All lines from the one containing "Autoescuela Mieres comienza" through the end of the data below are to be repeated exactly, with pictures left out.

=== DATA EXCERPT ===

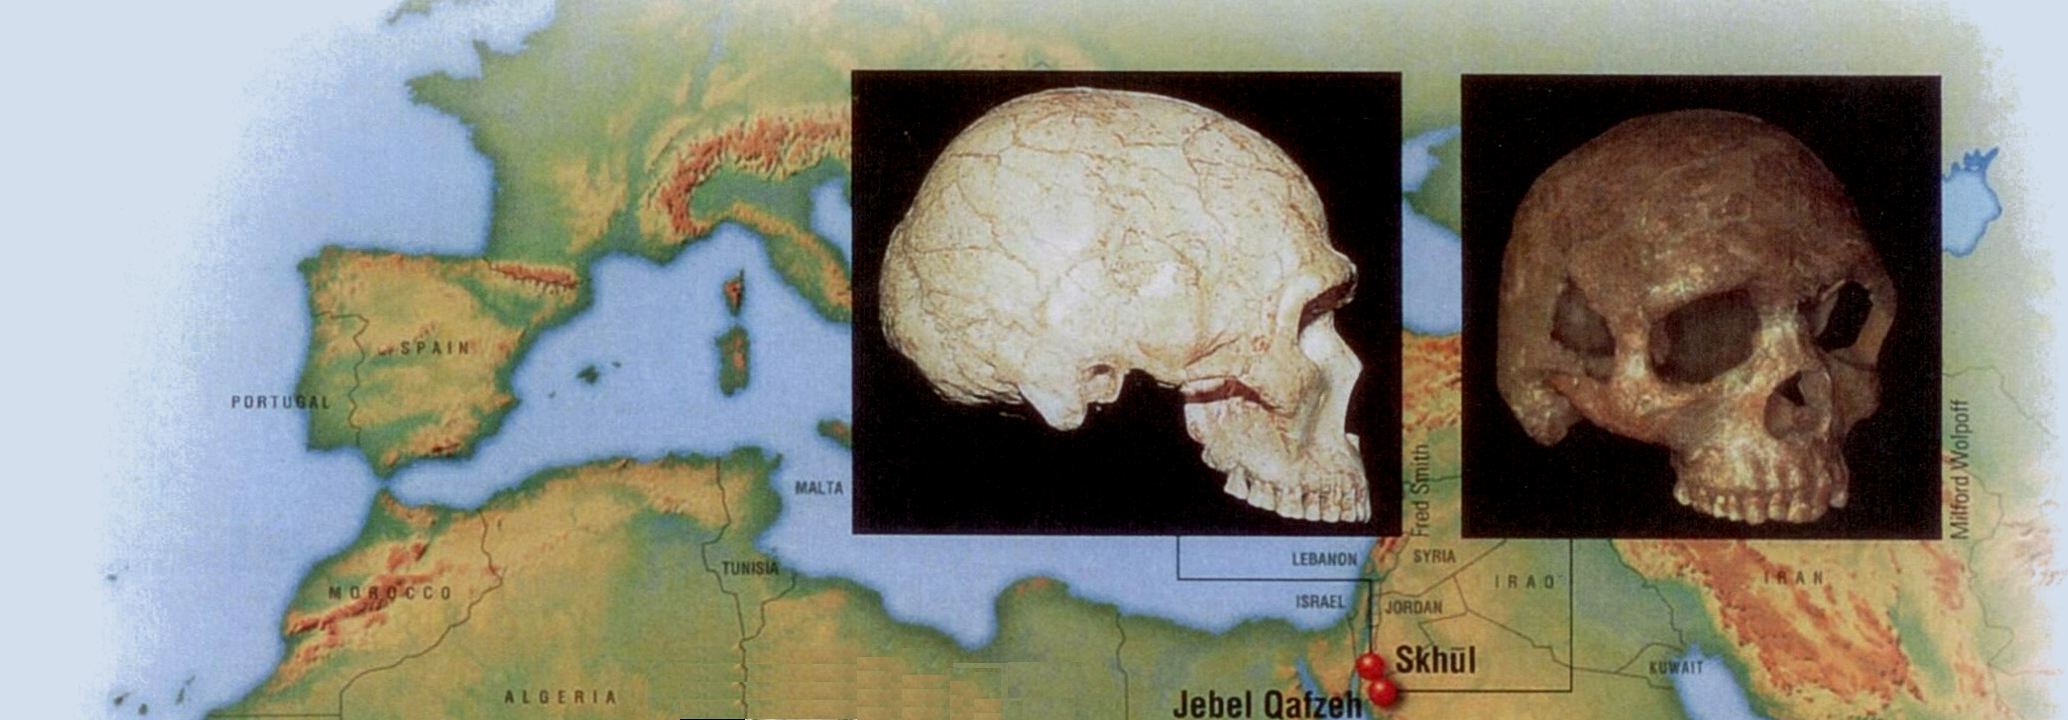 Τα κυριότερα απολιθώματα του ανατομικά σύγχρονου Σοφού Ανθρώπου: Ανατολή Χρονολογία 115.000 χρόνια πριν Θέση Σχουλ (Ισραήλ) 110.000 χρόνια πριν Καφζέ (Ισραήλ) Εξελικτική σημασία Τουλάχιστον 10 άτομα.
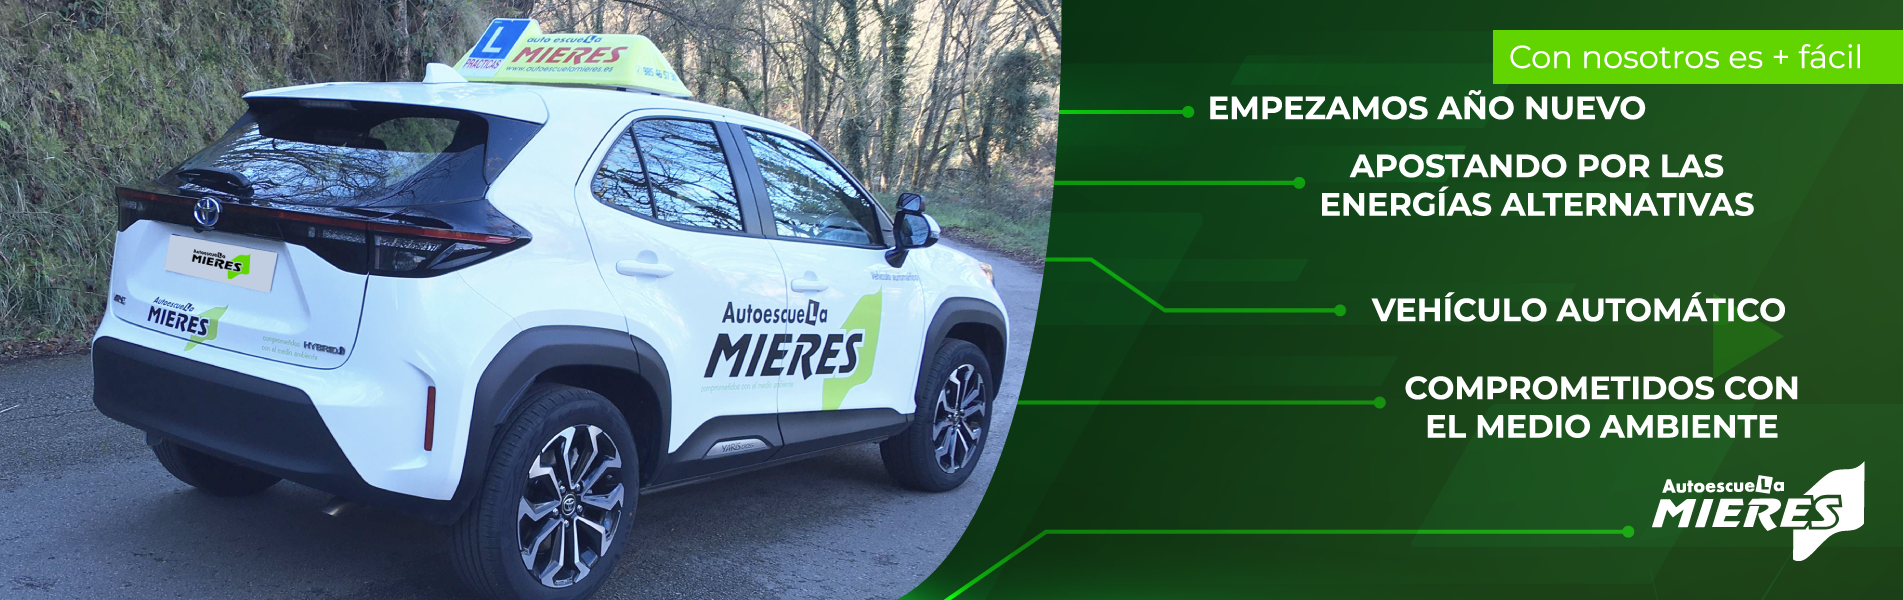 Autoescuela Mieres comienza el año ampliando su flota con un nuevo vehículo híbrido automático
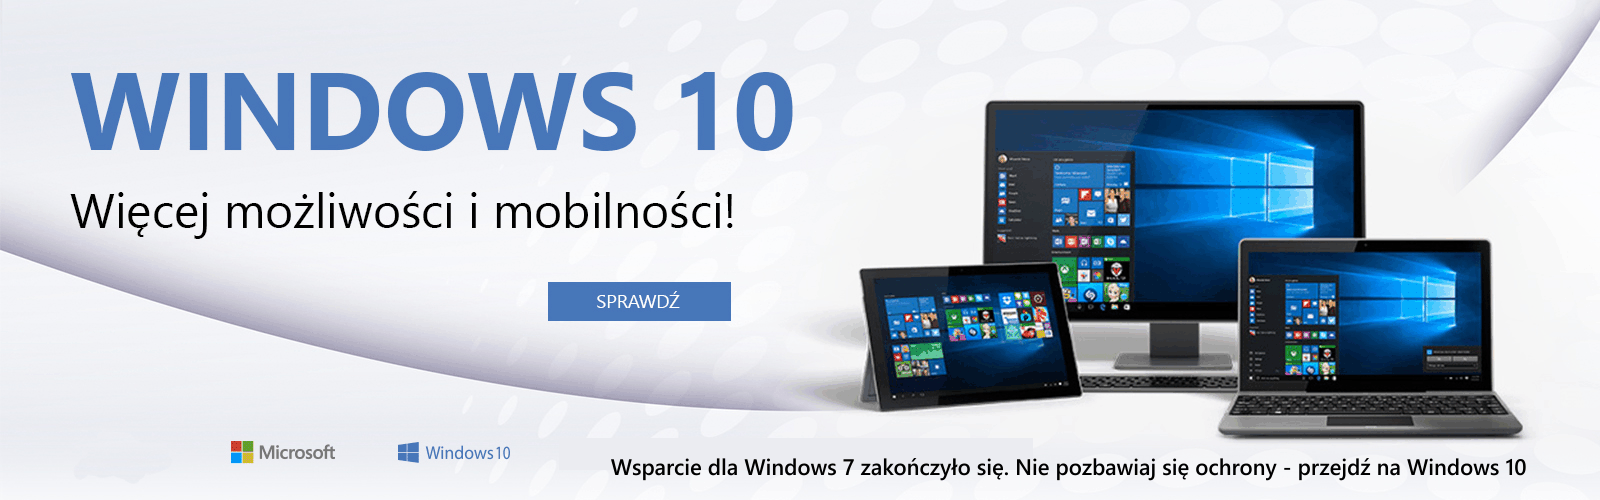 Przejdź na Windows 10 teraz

===

● RESPONSE:
 Autoescuela Mieres comienza el año ampliando su flota con un nuevo vehículo híbrido automático
 Przejdź na Windows 10 teraz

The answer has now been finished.